### The task
Quote the lines of the data below verbatim, beginning at the line that contains "2 Комнаты, Городская, Аренда, 3-й" and ending at the last line, both included, and excluding pictures.

### Dataset content
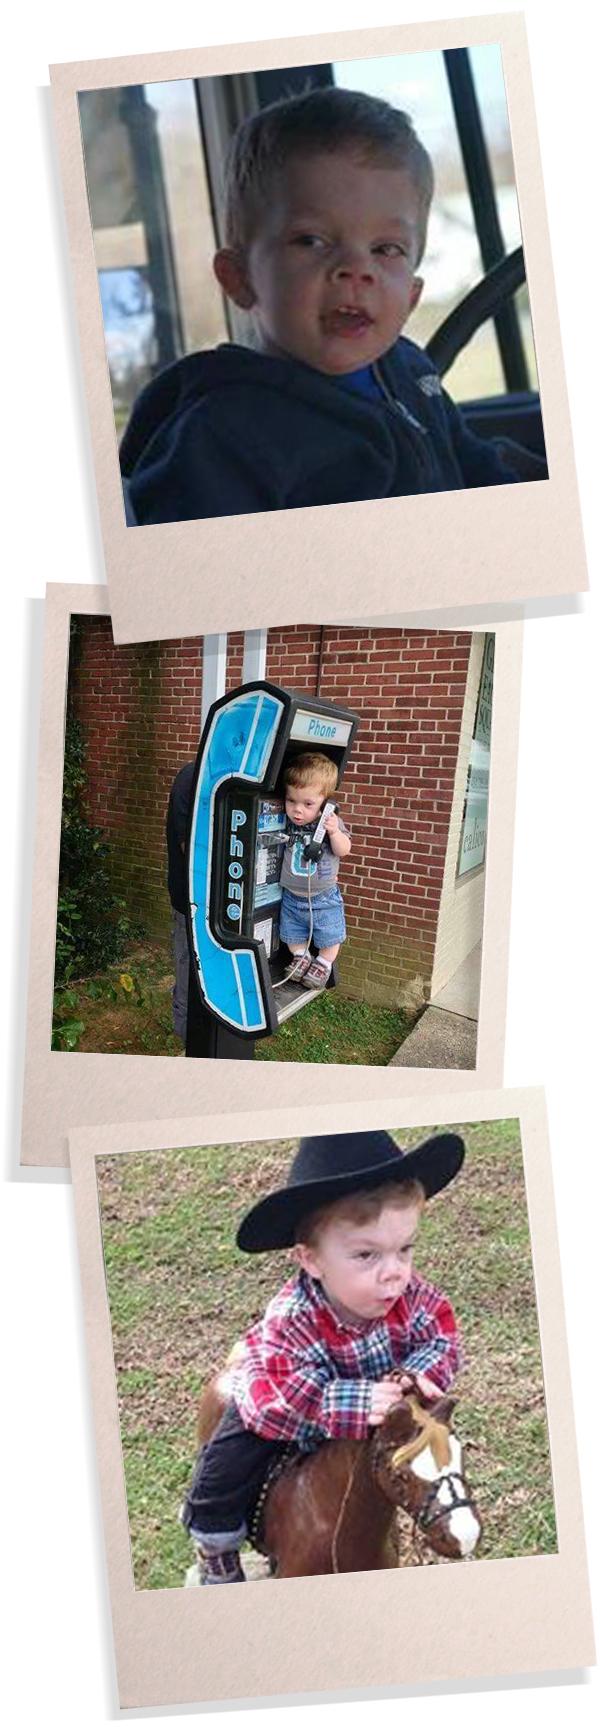 Joseph Polaroid no name.jpg
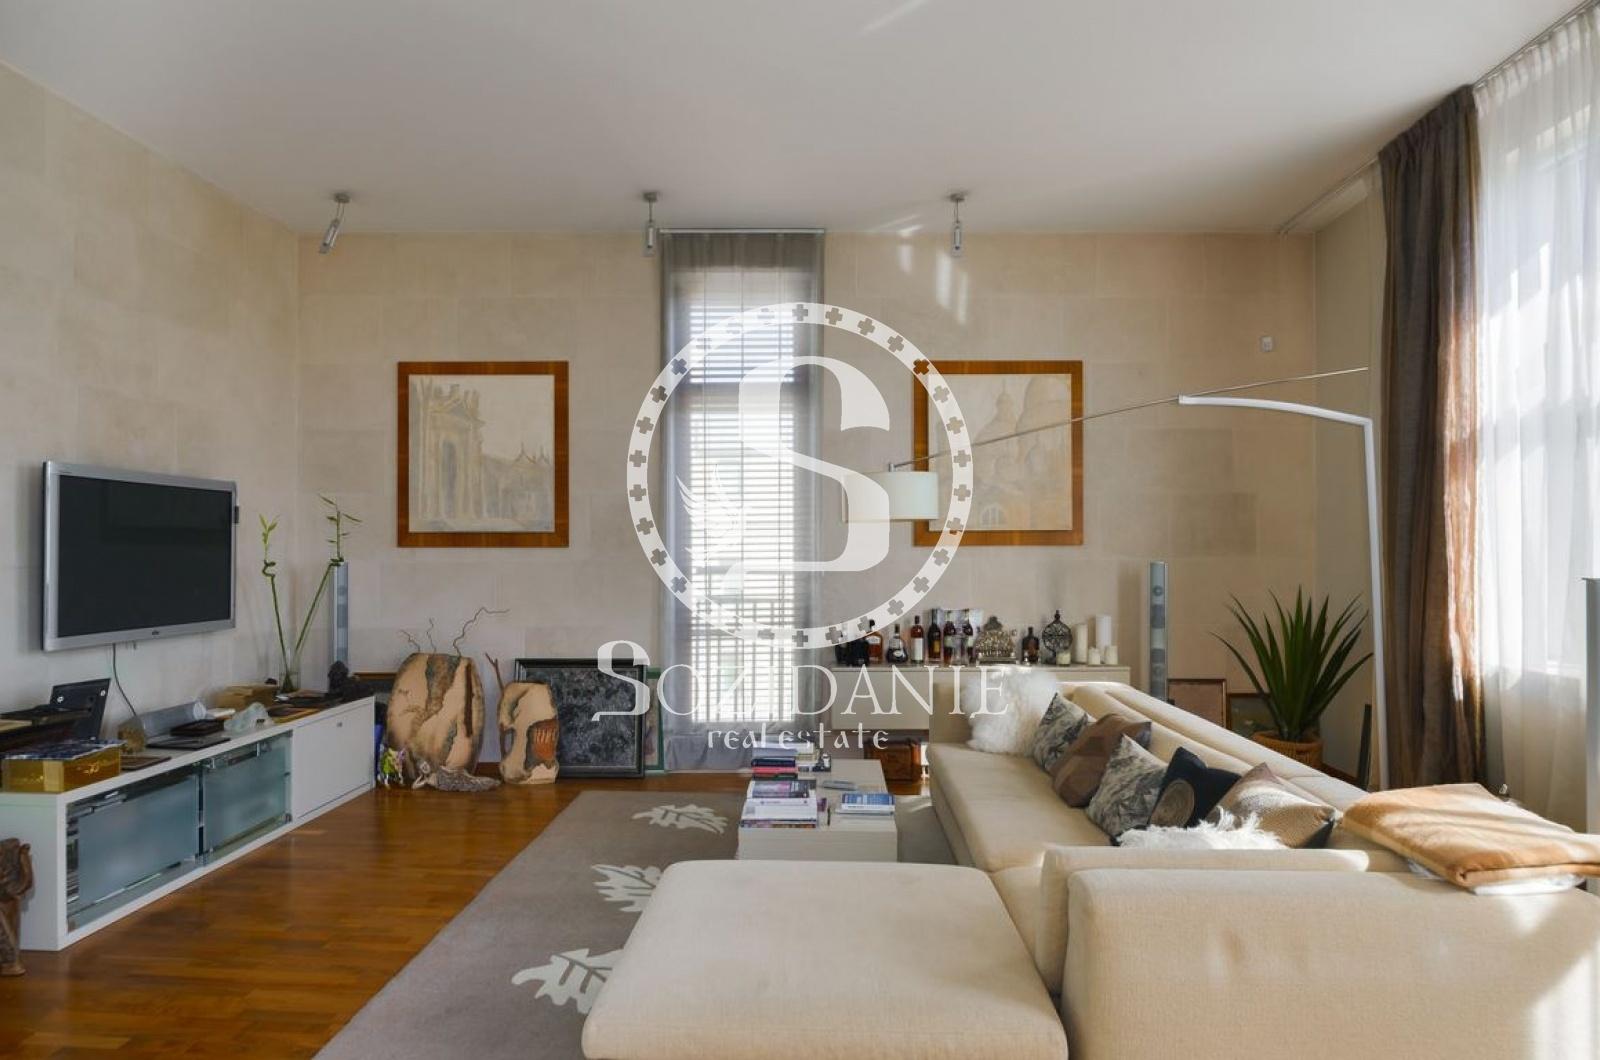 2 Комнаты, Городская, Аренда, 3-й Обыденский переулок, Listing ID 3314, Москва, Россия,
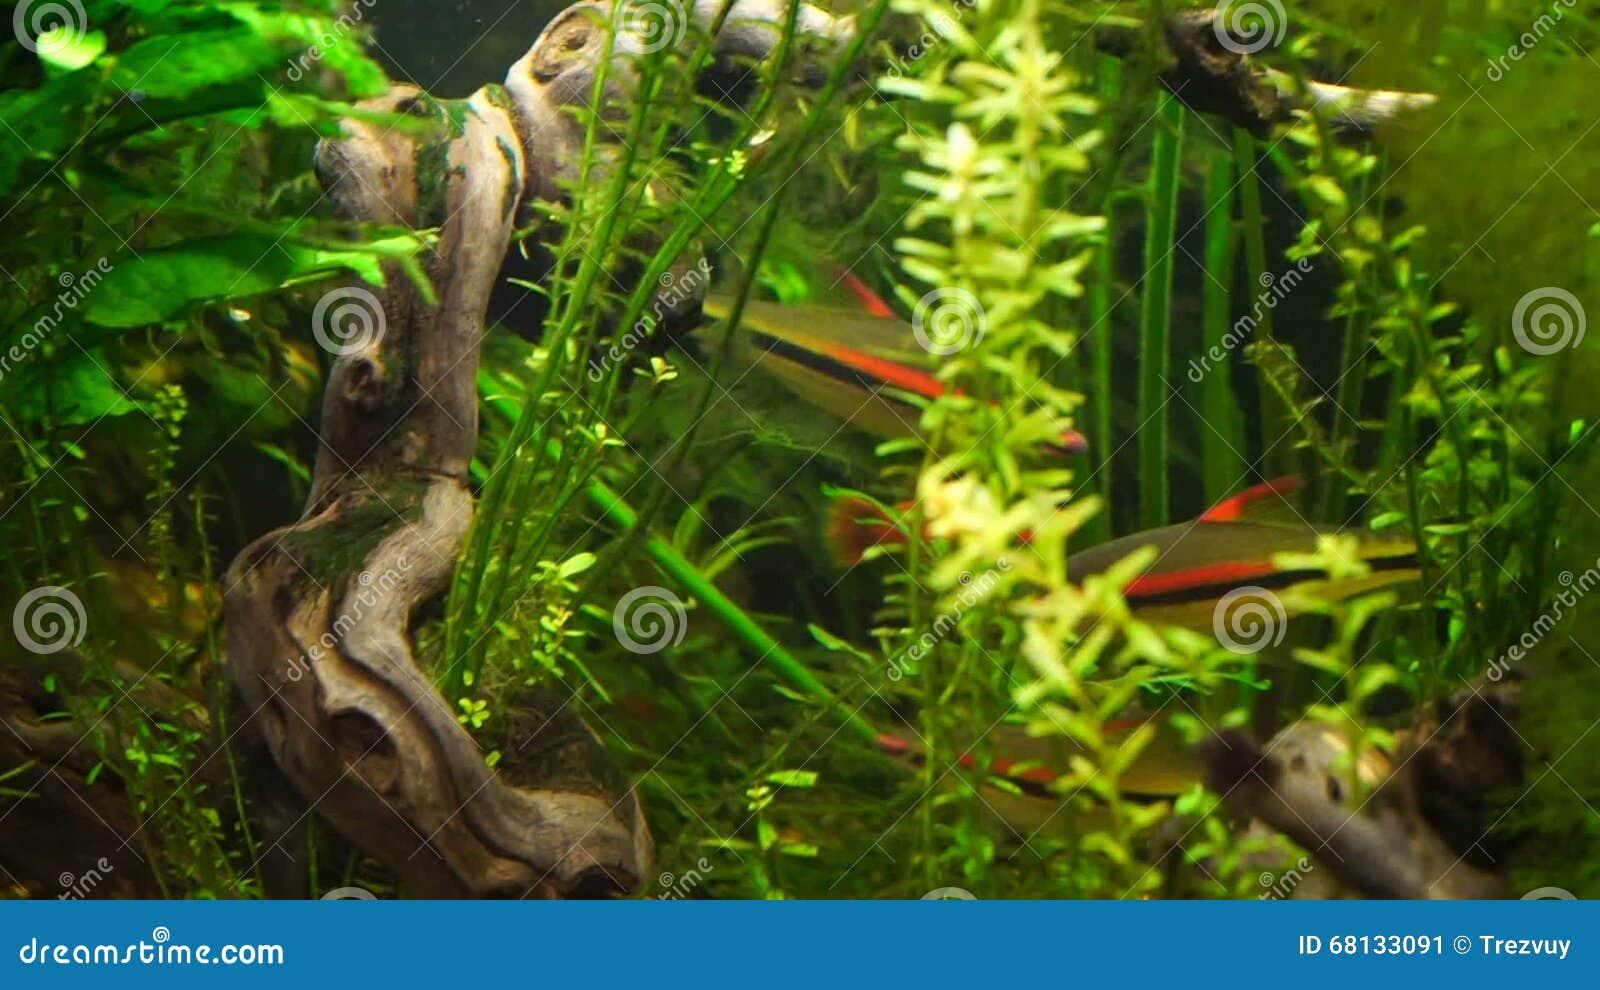 Video Aquarium Fish Swimming In A Large Aquarium Stock Video Video

### Response box
 2 Комнаты, Городская, Аренда, 3-й Обыденский переулок, Listing ID 3314, Москва, Россия,
 Video Aquarium Fish Swimming In A Large Aquarium Stock Video Video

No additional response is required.